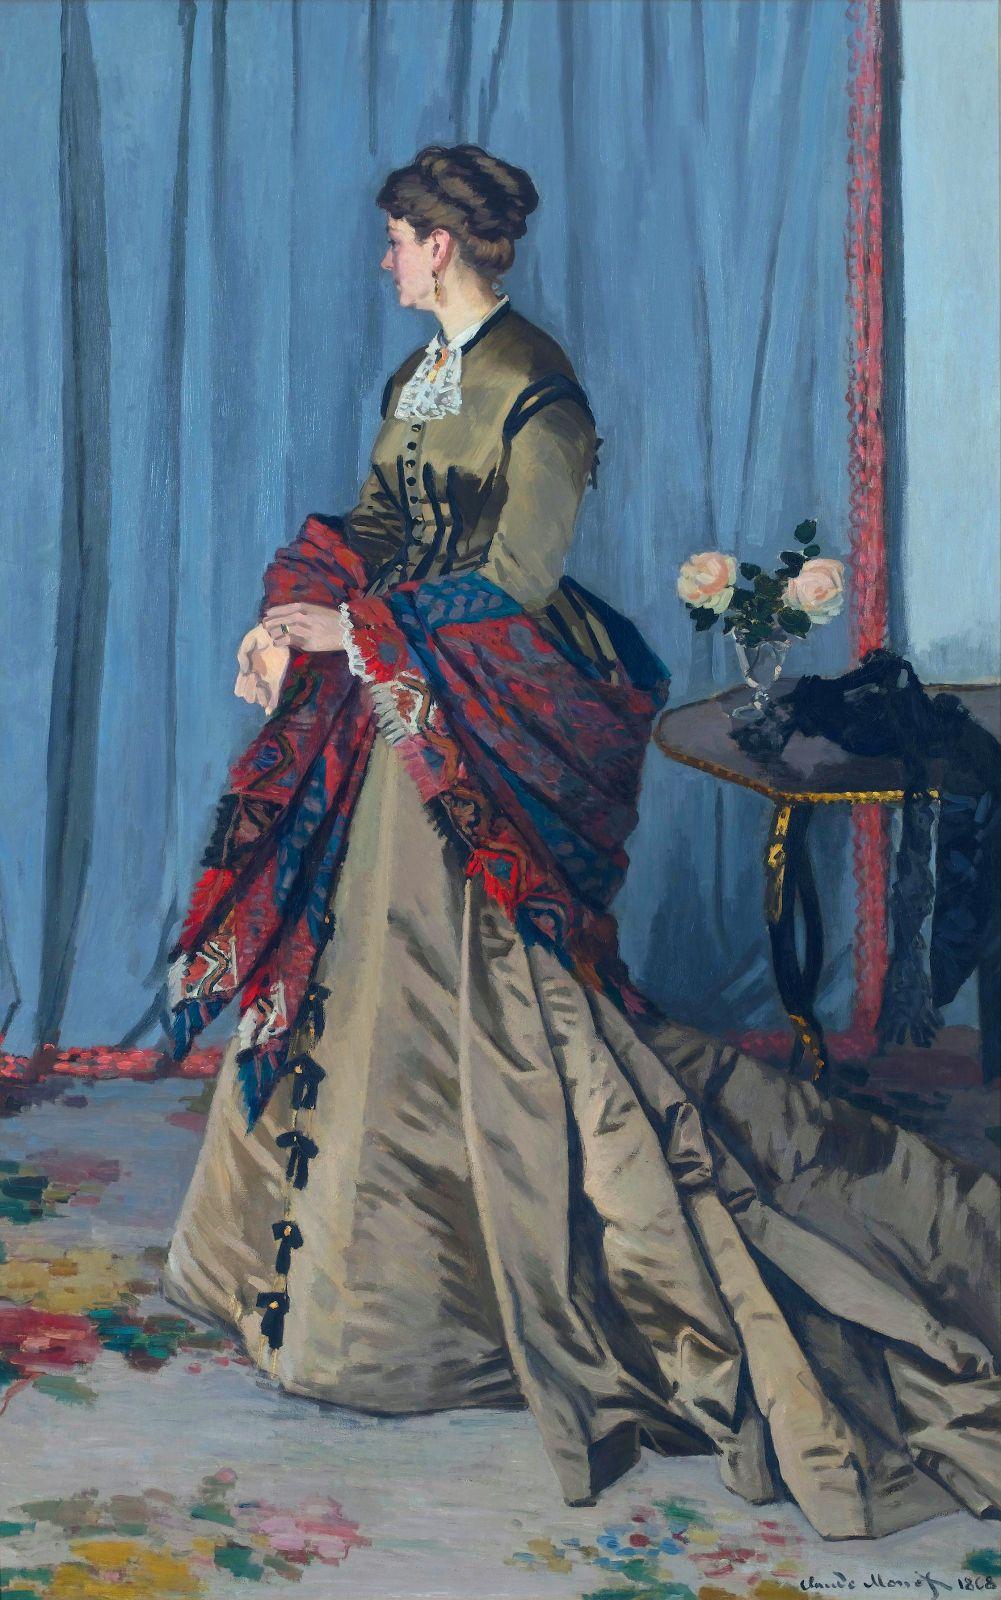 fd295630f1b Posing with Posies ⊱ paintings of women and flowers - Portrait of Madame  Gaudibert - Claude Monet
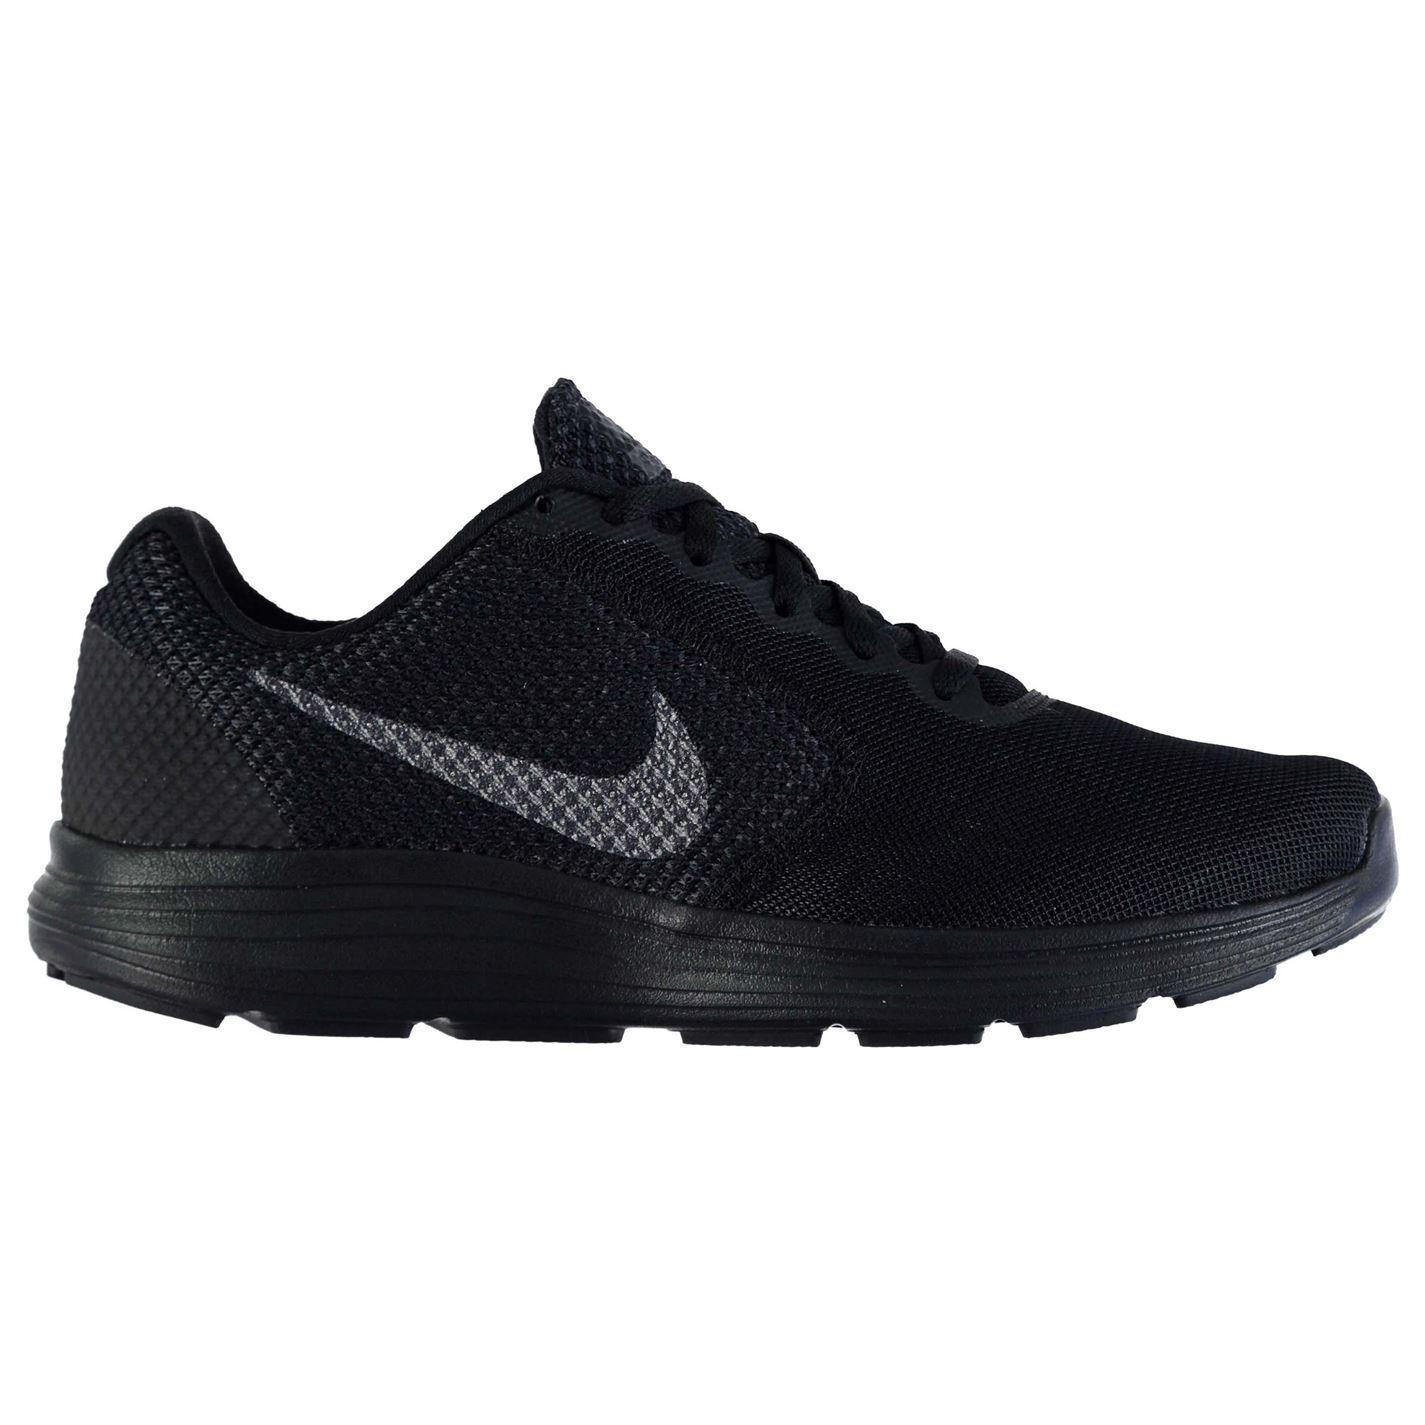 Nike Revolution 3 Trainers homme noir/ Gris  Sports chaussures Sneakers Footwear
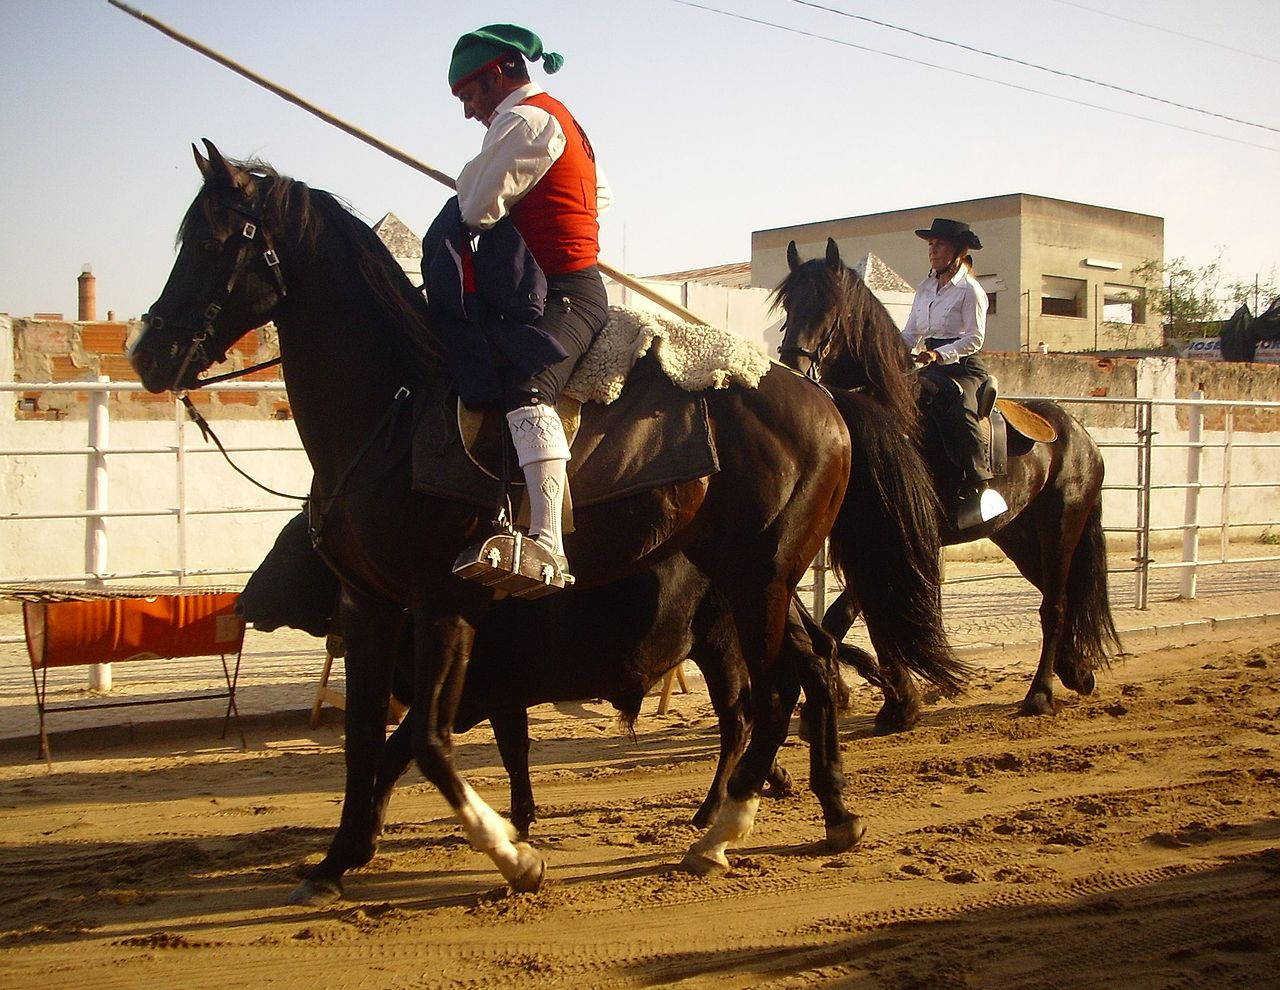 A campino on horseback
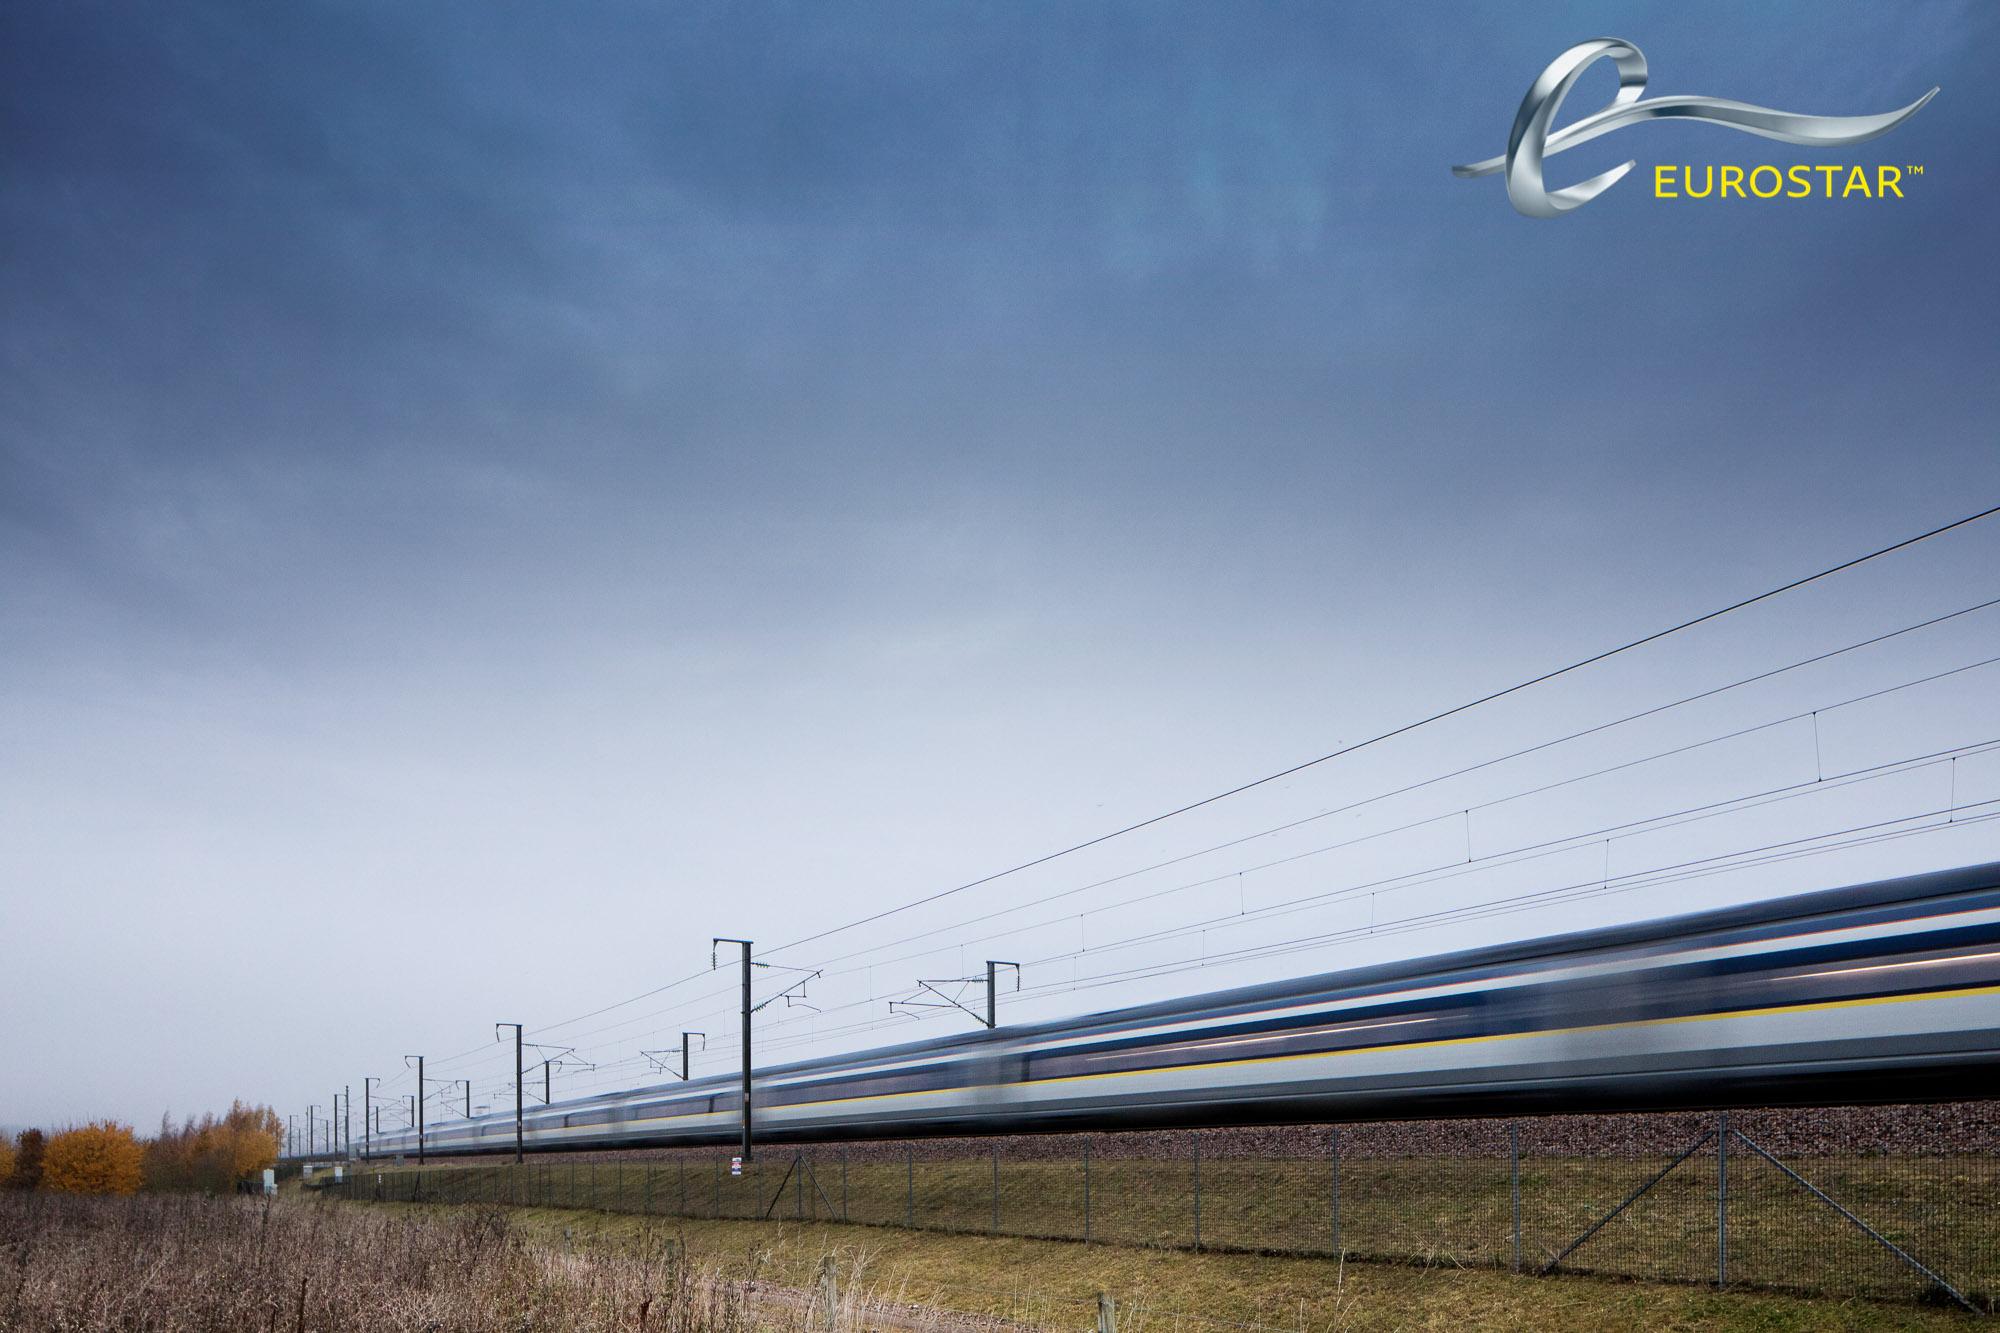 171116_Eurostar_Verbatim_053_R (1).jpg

=-=-=-=-=

From the line that contains "Nike Revolution 3" to the last line of the data, print each line exactly, both ends included, and omit the pictures.

 Nike Revolution 3 Trainers homme noir/ Gris  Sports chaussures Sneakers Footwear
 A campino on horseback
 171116_Eurostar_Verbatim_053_R (1).jpg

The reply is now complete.